Several issues may raise concern about the interpretation of our findings. Trainees in both groups showed high baseline knowledge for all modules, which left only a small room for improvement in the scores. The pre course scores may have been high due to a pre-existing EBM culture within the participating sites. The modest sample size may have contributed to a limitation in statistical power to detect a small improvement in knowledge between the groups. A small proportion in both groups had shown lower scores post course compared to pre course, but such an observation has also been made in other studies [14] and might be attributed to cognitive test anxiety. [15] Post-course knowledge assessments had been conducted immediately after the lectures in the control group. This may have put the intervention group at a disadvantage as delayed and unsupervised knowledge assessment may have influenced the outcome adversely. Despite these concerns, on average, the intervention group had a tendency towards better performance. We are therefore confident that our findings merit consideration.

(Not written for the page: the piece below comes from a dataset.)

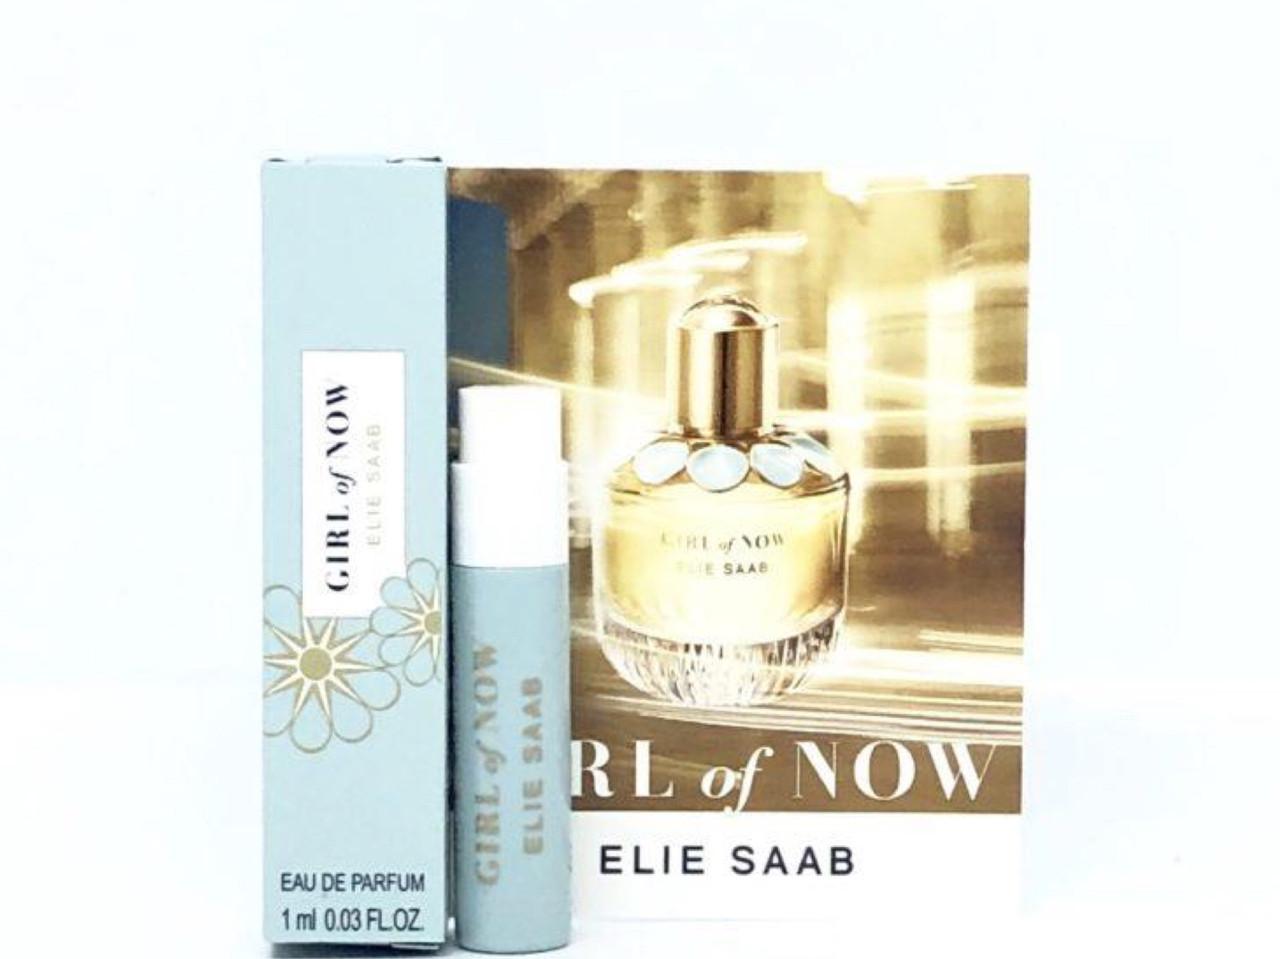 ПРОБНИК 1 мл элитная парфюмированая вода  ELIE SAAB Girl Of Now оригинал, восточный цветочный аромат

Previous studies have shown the value of computer based learning. [12, 1618] Since the costs of delivering e-learning courses after initial investment are small, this may also provide a less costly solution for EBM training than lecture based courses. Moreover, e-learning allows for independent and flexible study, with the possibility of a standardised provision that can be easily updated. The trial's generalisability may be considered limited as participating centres were all obstetrics and gynaecology departments. However, the results of the pilot testing conducted in different medical departments in Switzerland showed that the course was adaptable to different medical specialties. This was further reinforcement of the finding of adaptability across languages and settings in our earlier study. [5]

Conclusion

We conclude that the clinically integrated e-learning course for basic EBM proved to be at least as effective as a conventional lecture based course and merits consideration for incorporation in on-the-job training for just-in-time learning. Further research should address changes in behaviour after long term follow-up.